> Work to complete
From the first line to the last, please print the entries exactly, omitting pictures.

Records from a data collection
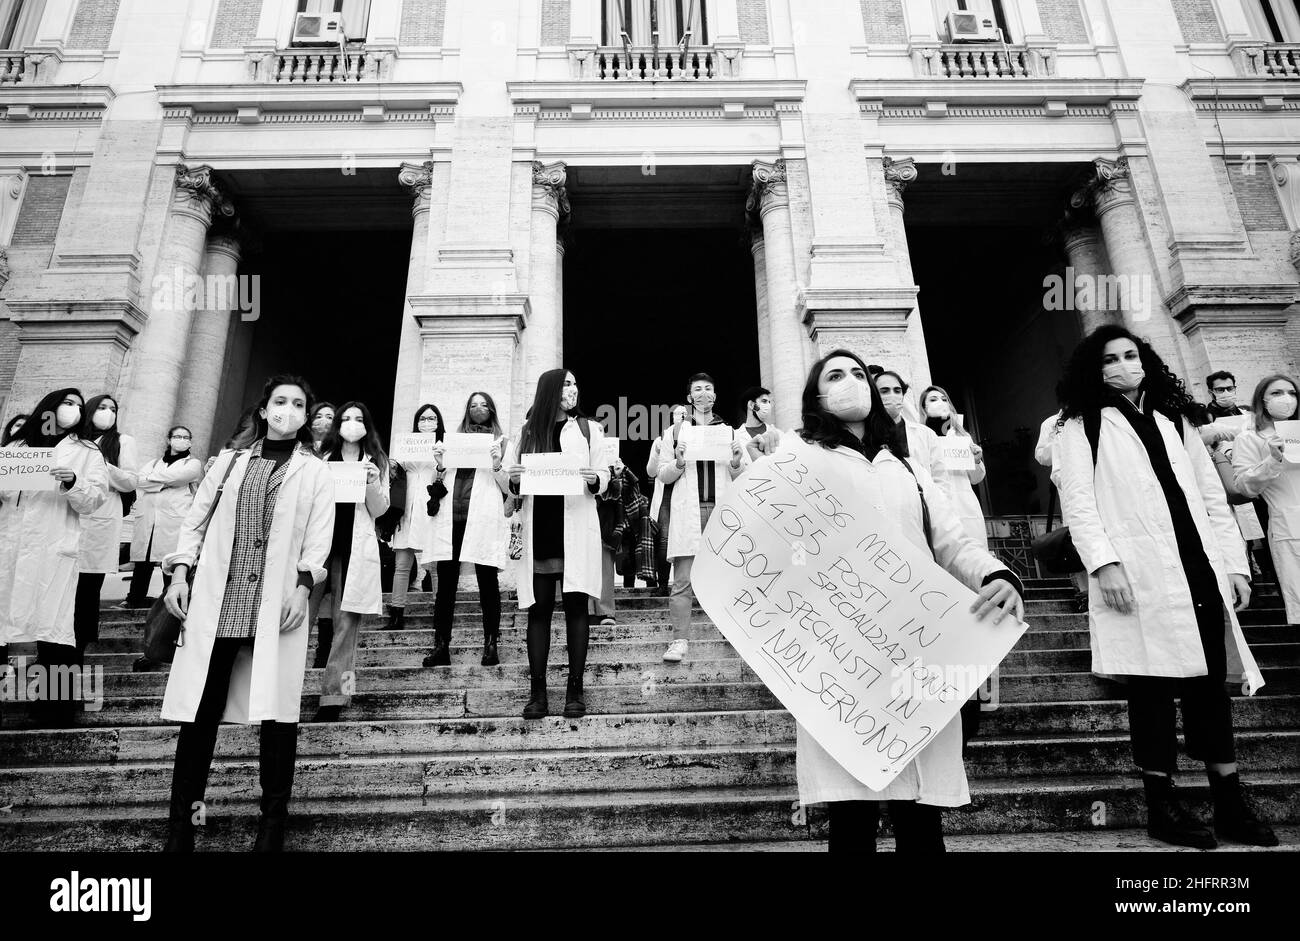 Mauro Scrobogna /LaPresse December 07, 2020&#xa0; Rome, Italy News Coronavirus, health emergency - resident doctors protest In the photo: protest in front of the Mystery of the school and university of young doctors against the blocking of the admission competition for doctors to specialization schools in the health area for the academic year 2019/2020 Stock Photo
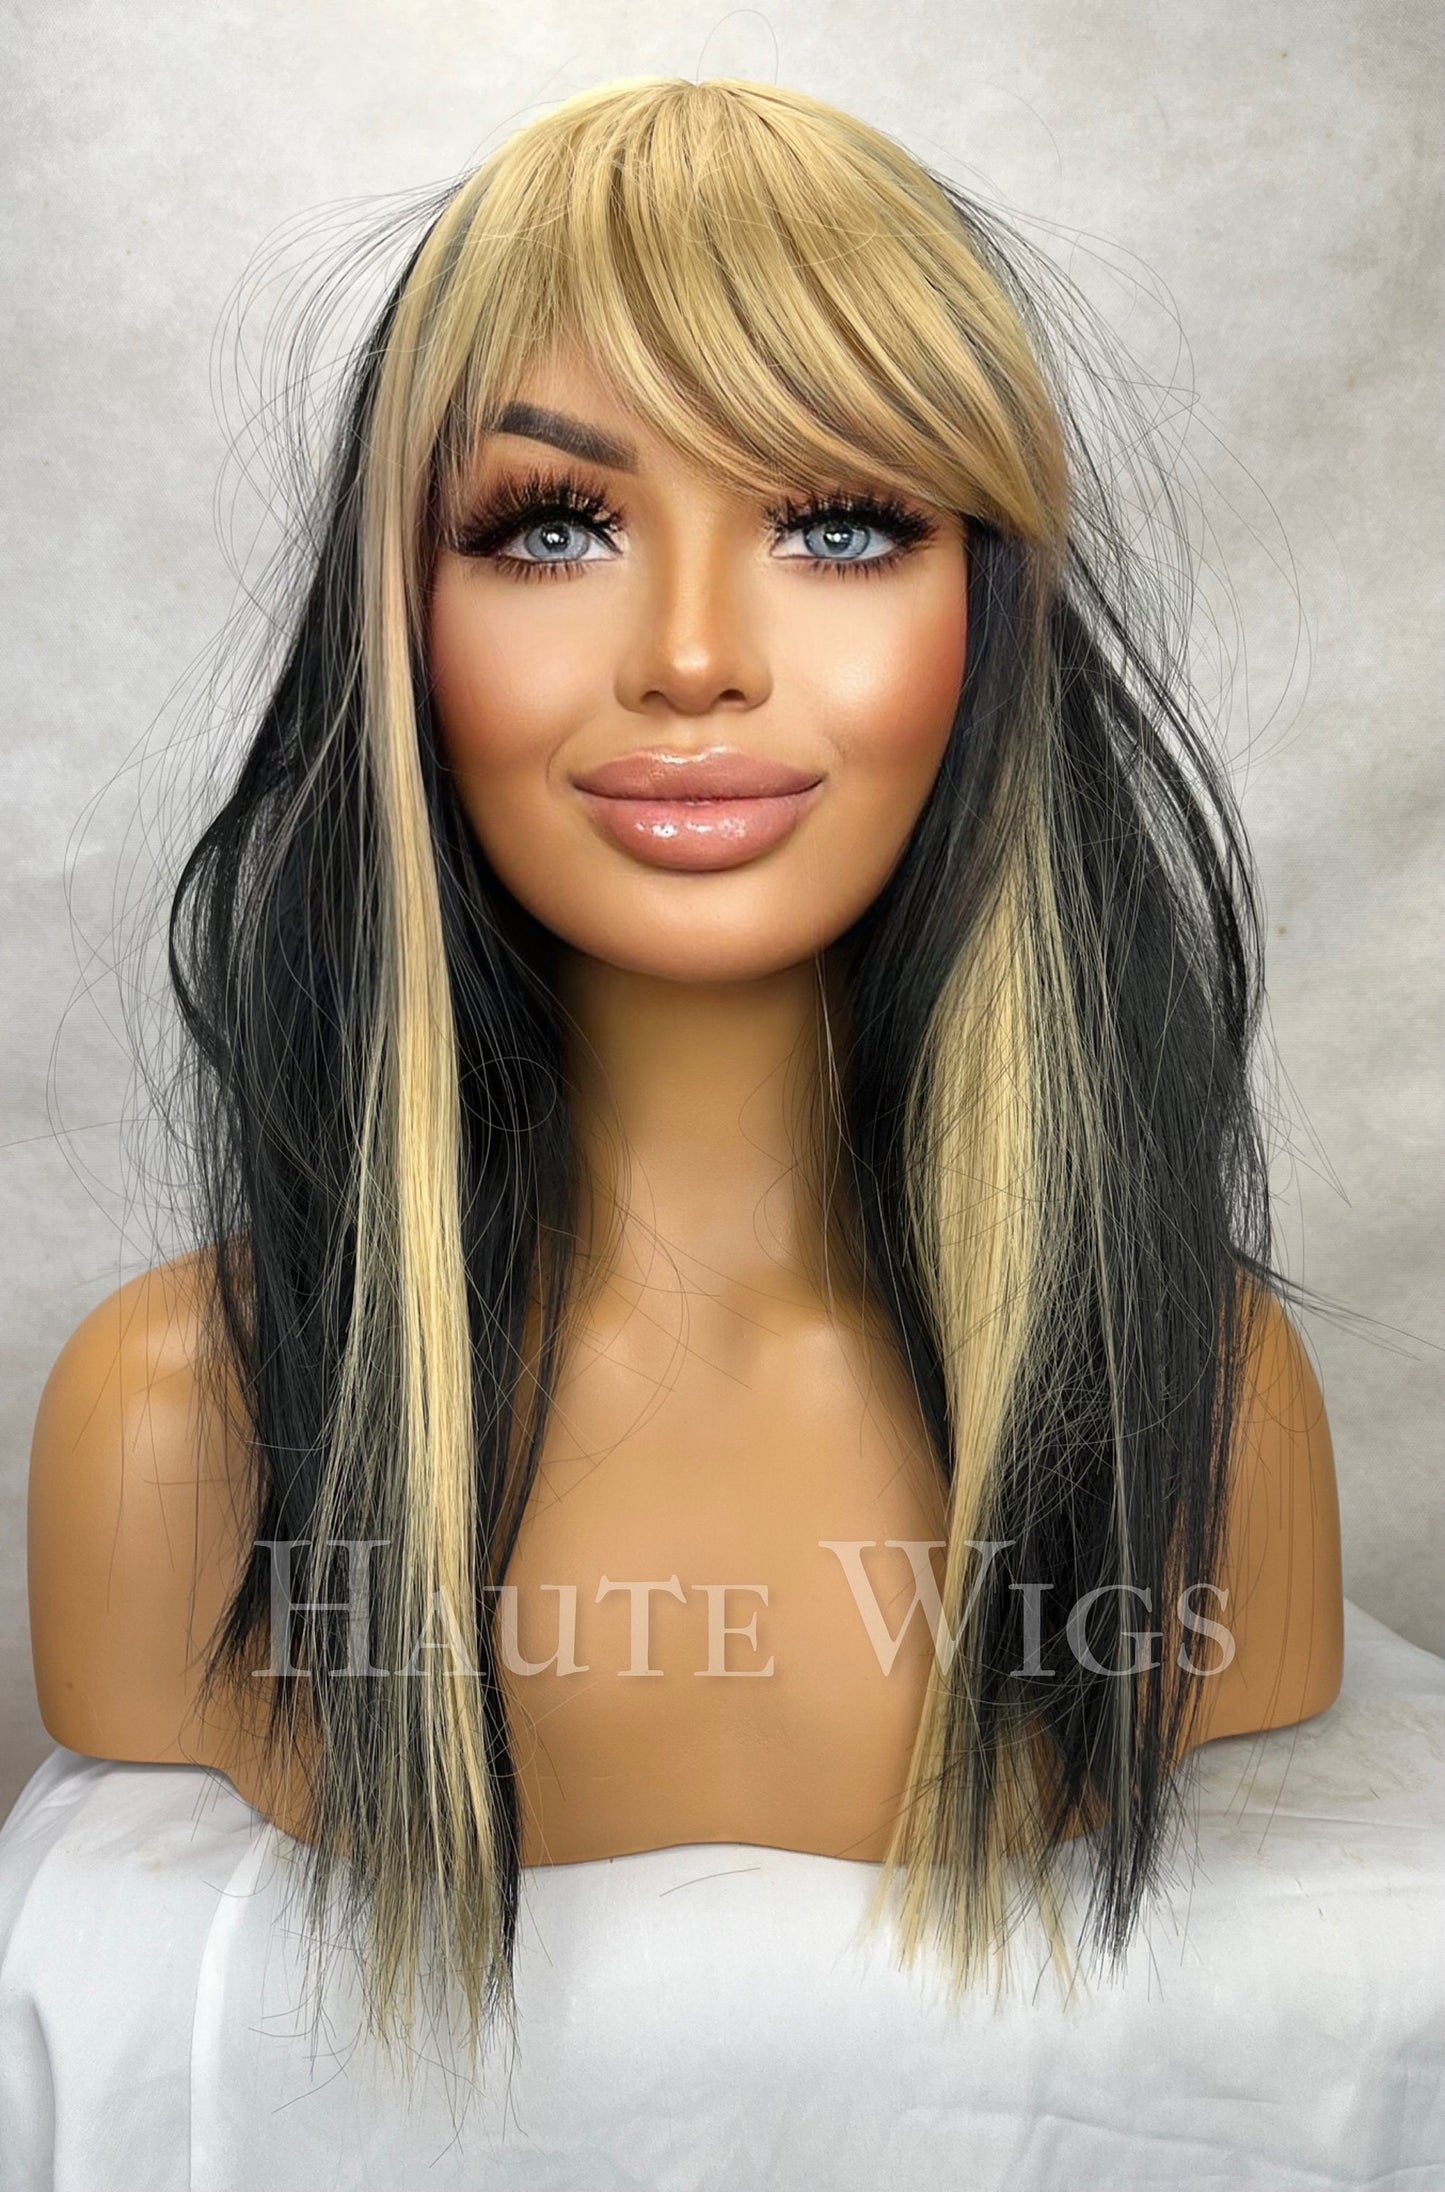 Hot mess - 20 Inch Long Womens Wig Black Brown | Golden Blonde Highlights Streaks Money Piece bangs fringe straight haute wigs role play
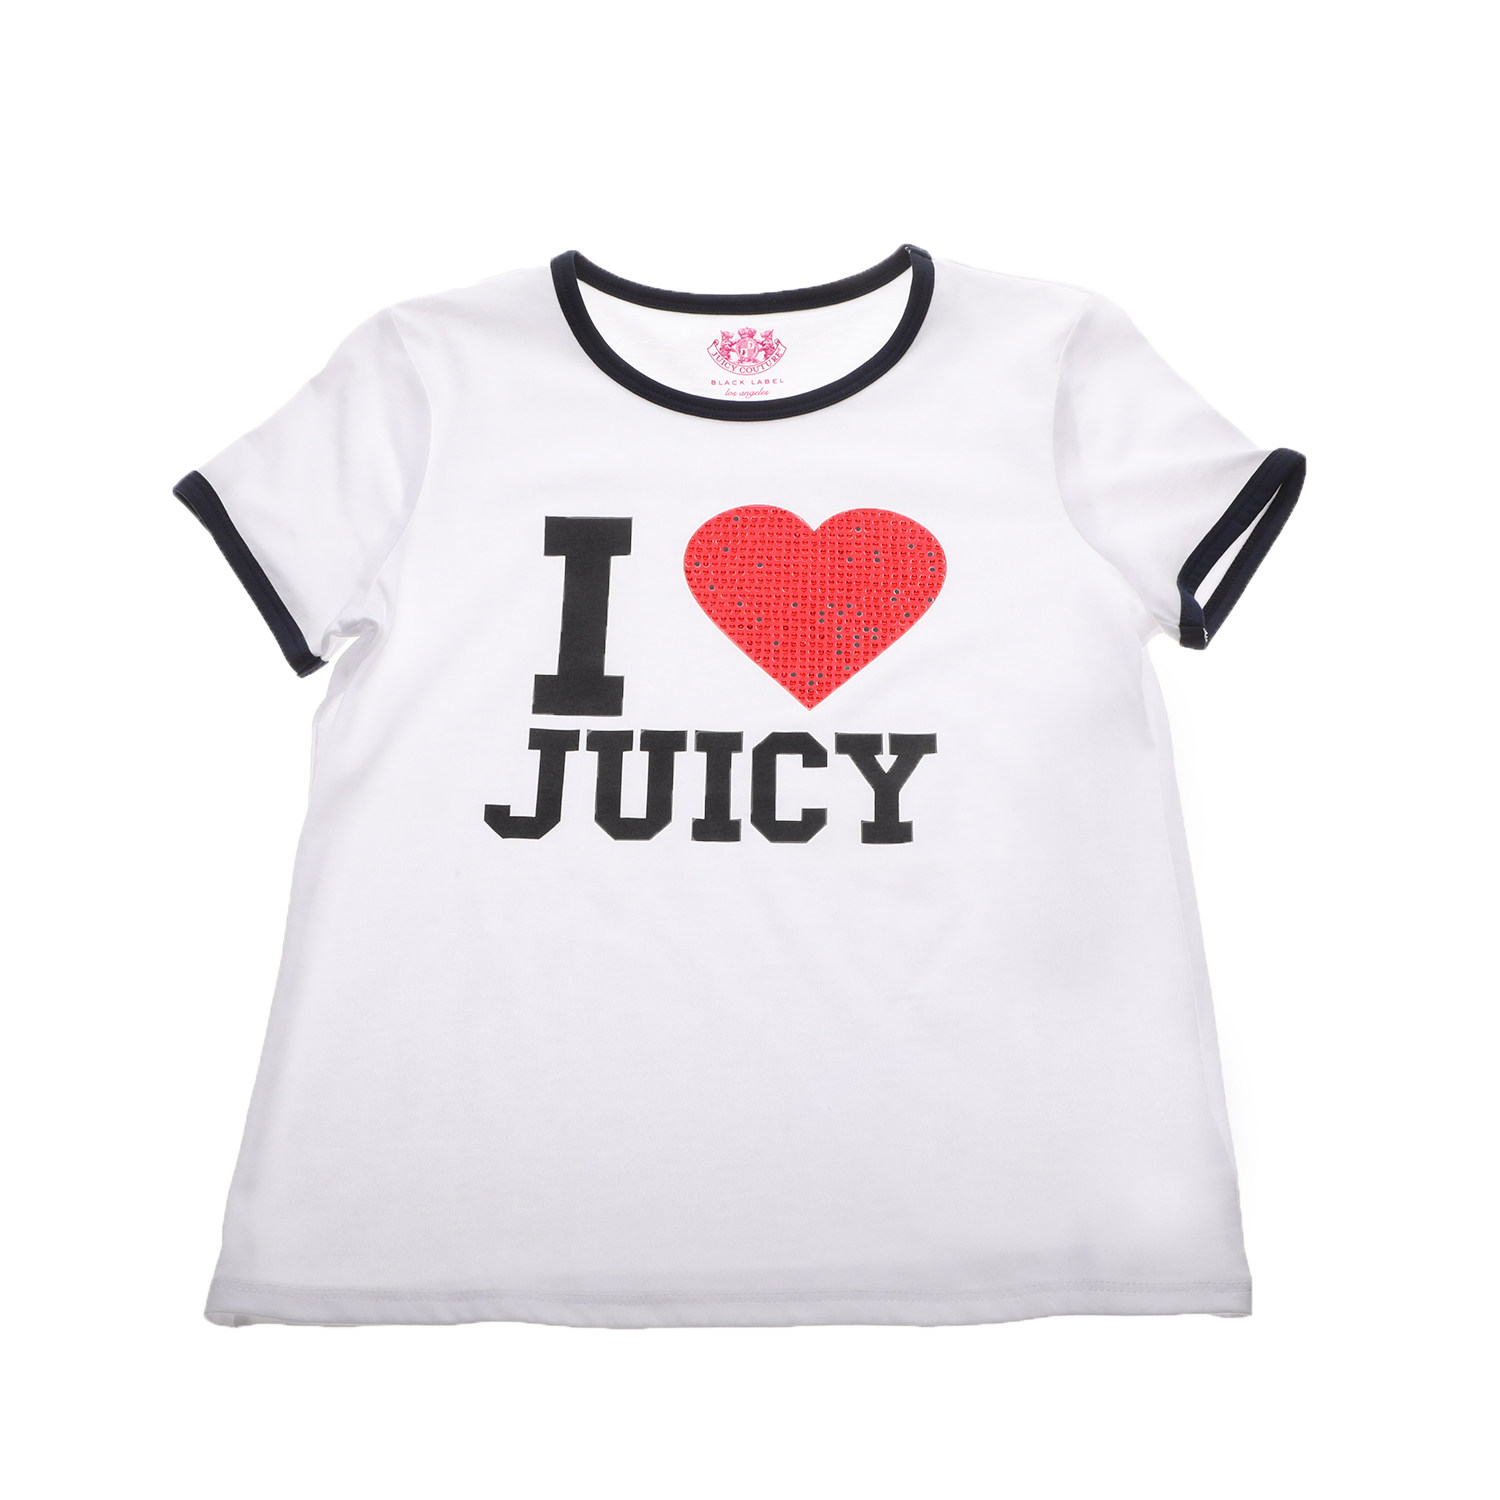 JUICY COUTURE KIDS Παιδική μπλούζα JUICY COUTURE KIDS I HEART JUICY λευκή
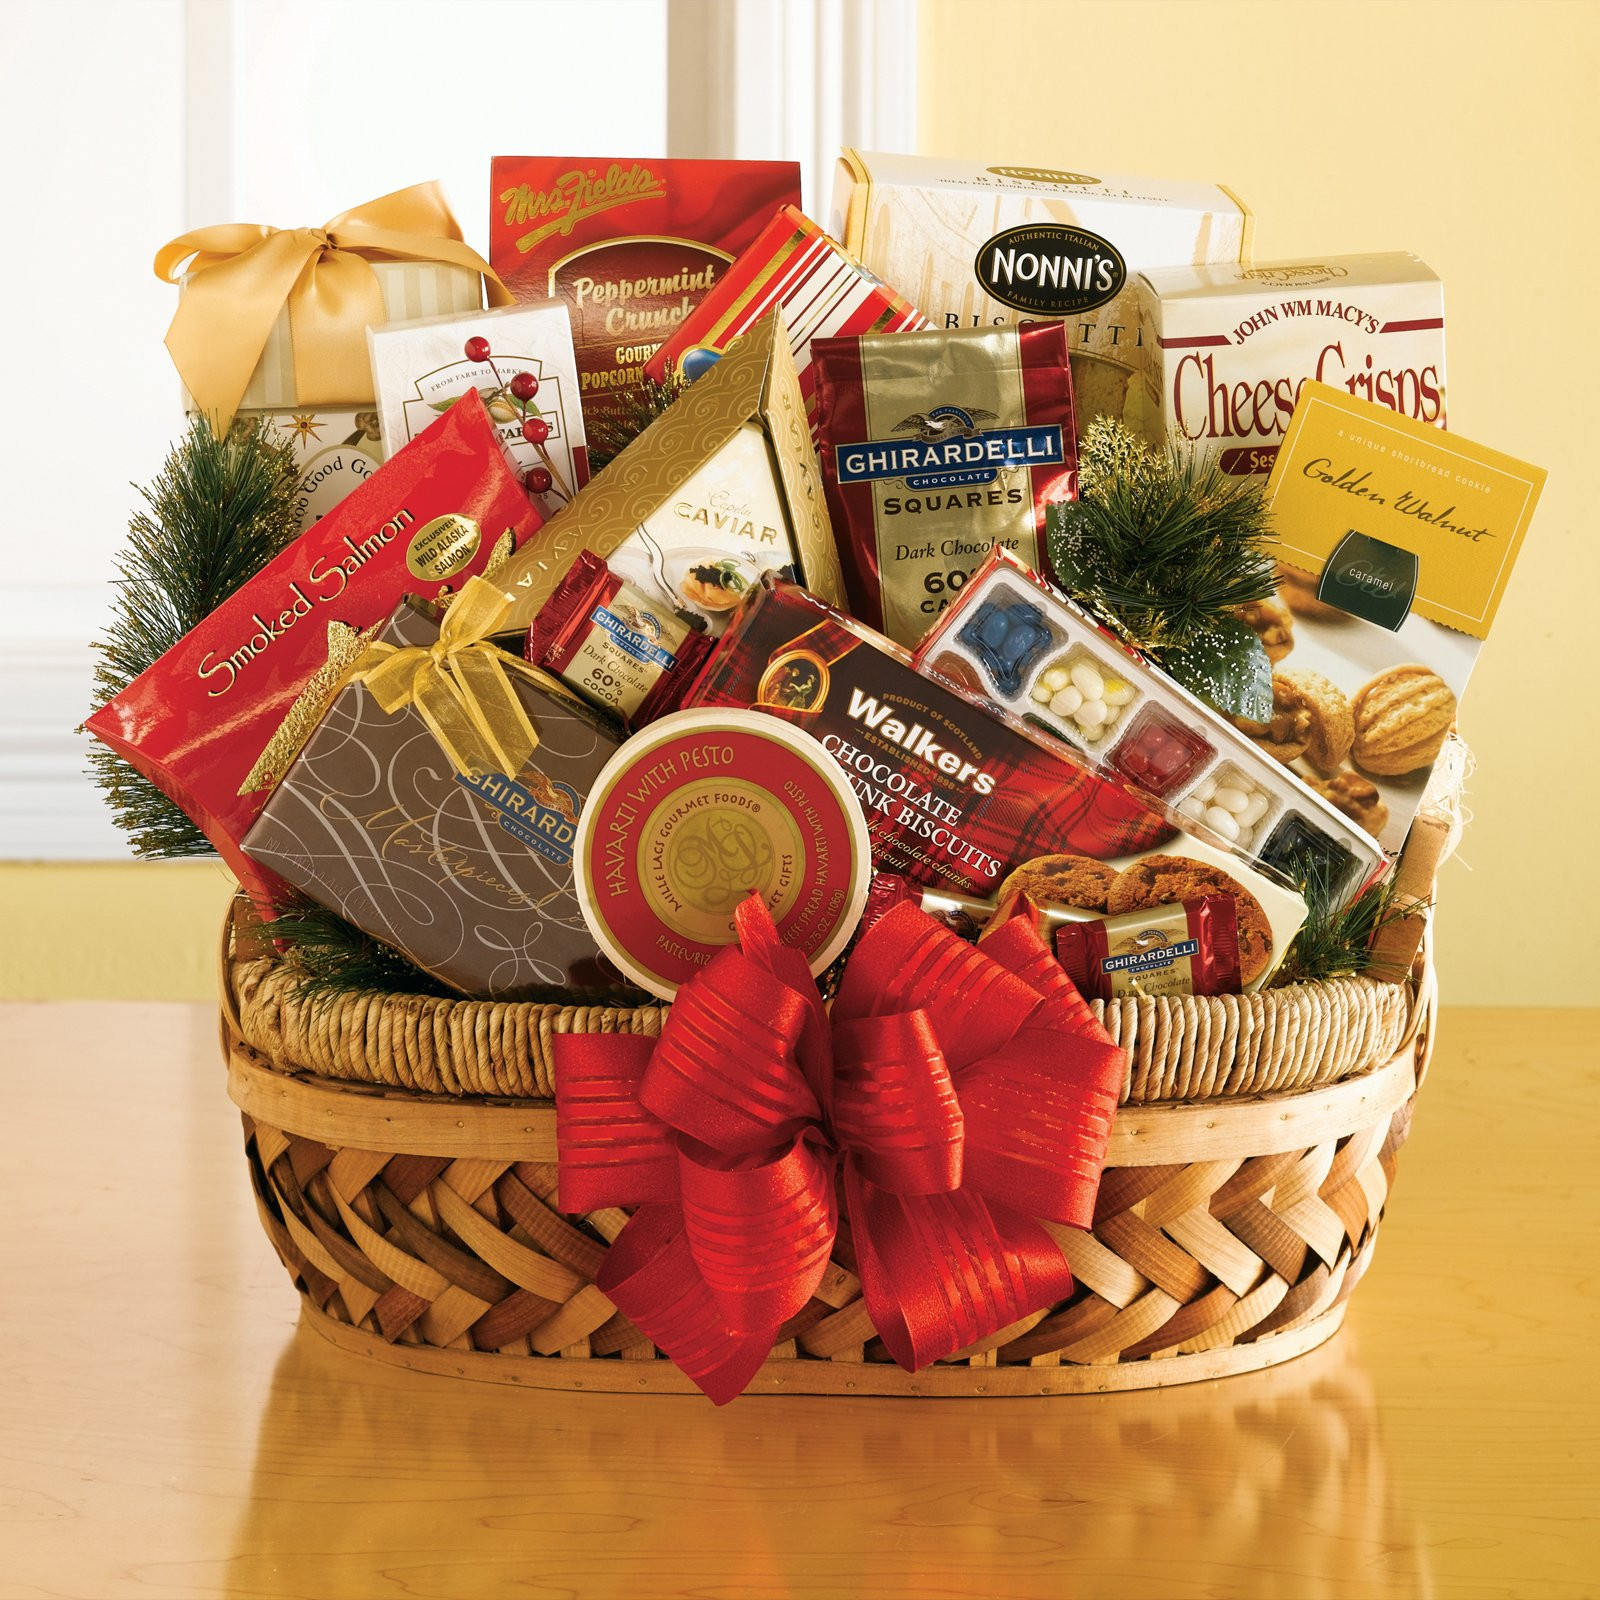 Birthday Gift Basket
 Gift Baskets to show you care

> Solution
 Mauro Scrobogna /LaPresse December 07, 2020&#xa0; Rome, Italy News Coronavirus, health emergency - resident doctors protest In the photo: protest in front of the Mystery of the school and university of young doctors against the blocking of the admission competition for doctors to specialization schools in the health area for the academic year 2019/2020 Stock Photo
 Hot mess - 20 Inch Long Womens Wig Black Brown | Golden Blonde Highlights Streaks Money Piece bangs fringe straight haute wigs role play
 JUICY COUTURE KIDS Παιδική μπλούζα JUICY COUTURE KIDS I HEART JUICY λευκή
 Birthday Gift Basket
 Gift Baskets to show you care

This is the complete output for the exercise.